A CNN-Transformer hybrid model for recognizing American Sign Language (ASL) finger-spelling gestures from surface electromyography (sEMG) signals. This project provides an alternative digital communication method for transradial amputees by translating forearm muscle signals into keyboard inputs.
This system captures electrical signals from five forearm muscles using a custom-built sEMG sensor array and classifies ASL gestures with >85% accuracy.

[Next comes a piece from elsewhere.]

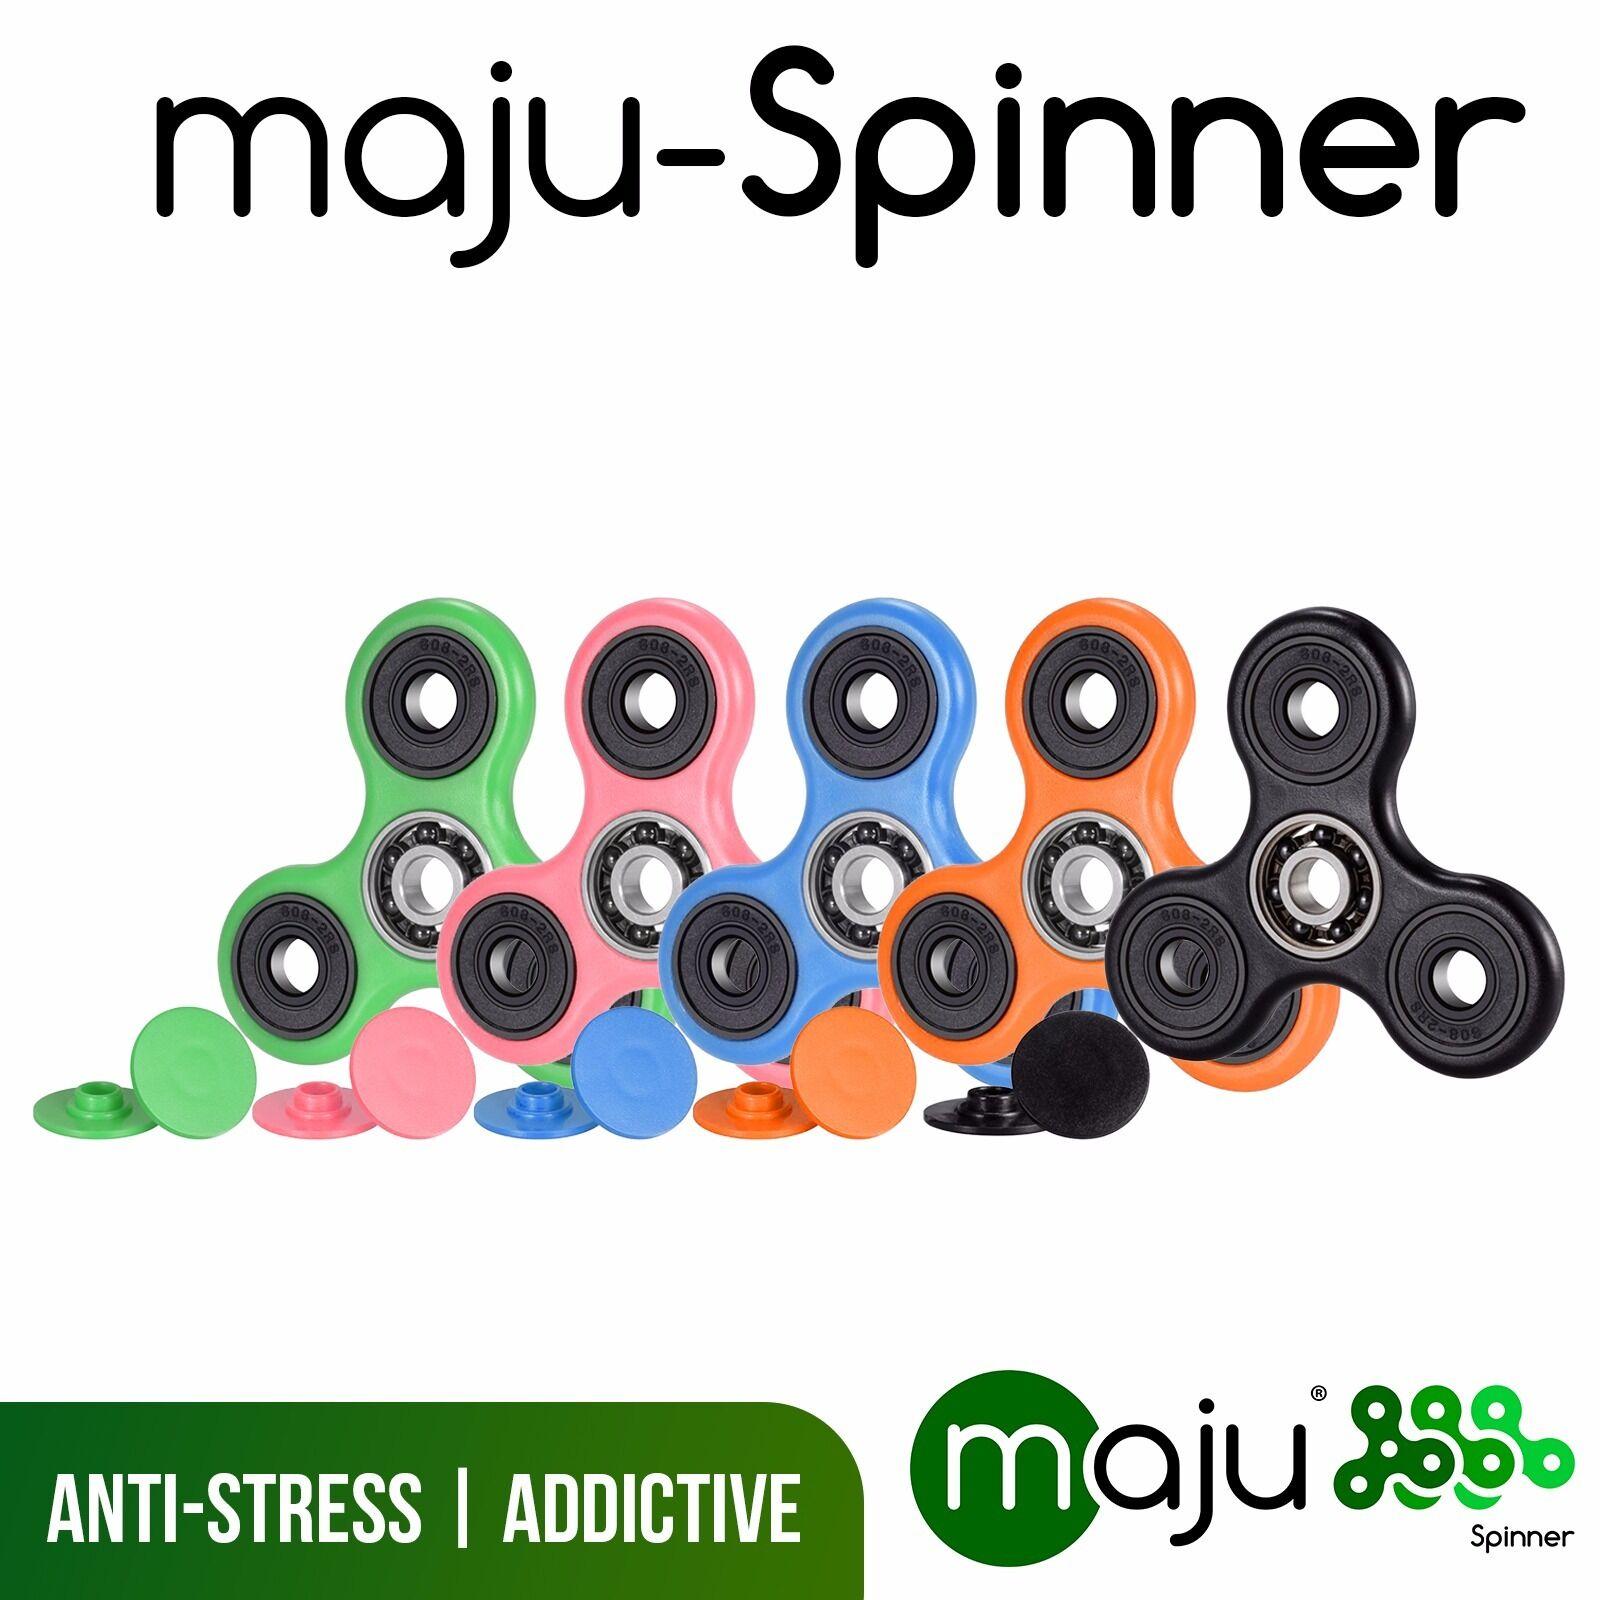 100  pezzi x uomoo Spinner dito Spinner Kreisel anti fidget anti stress individuaticome ed.  edizione limitata a caldo

The architecture employs five independent CNN modules (one per channel) to extract localized signal features, which are then processed by a shared Transformer to capture temporal dependencies across channels.
- Custom sEMG Hardware: High-gain instrumentation amplifier array (INA129) with ~10,000x gain for superior signal quality
- Hybrid CNN-Transformer Architecture: Combines spatial feature extraction with temporal sequence modeling
- Real-time Classification: Processes 0.5-second gesture windows at 1 kHz sampling rate
- Low Data Requirements: Efficient architecture trained on just 10,400 samples from 2 subjects
┌─────────────────────────────────────────────────────────────────────┐
│ 5-Channel sEMG Input │
│ (500 samples × 5 channels) │
└─────────────────────────────────────────────────────────────────────┘
│
▼
┌─────────┬─────────┬─────────┬─────────┬─────────┐
│ CNN 1 │ CNN 2 │ CNN 3 │ CNN 4 │ CNN 5 │ ← Independent feature extraction
└────┬────┴────┬────┴────┬────┴────┬────┴────┬────┘
│ │ │ │ │
└─────────┴─────────┼─────────┴─────────┘
│
▼
┌─────────────────┐
│ Embedding │
└────────┬────────┘
│
▼
┌─────────────────┐
│ Transformer │ ← Temporal dependency modeling
│ Encoder │
└────────┬────────┘
│
▼
┌─────────────────┐
│ Mean Pooling │
└────────┬────────┘
│
▼
┌─────────────────┐
│ Linear + Softmax│ ← 26-class output (A-Z)
└─────────────────┘
- DC Offset Removal – Center signals around zero
- Bandpass Filtering – Retain 20–500 Hz (EMG frequency range)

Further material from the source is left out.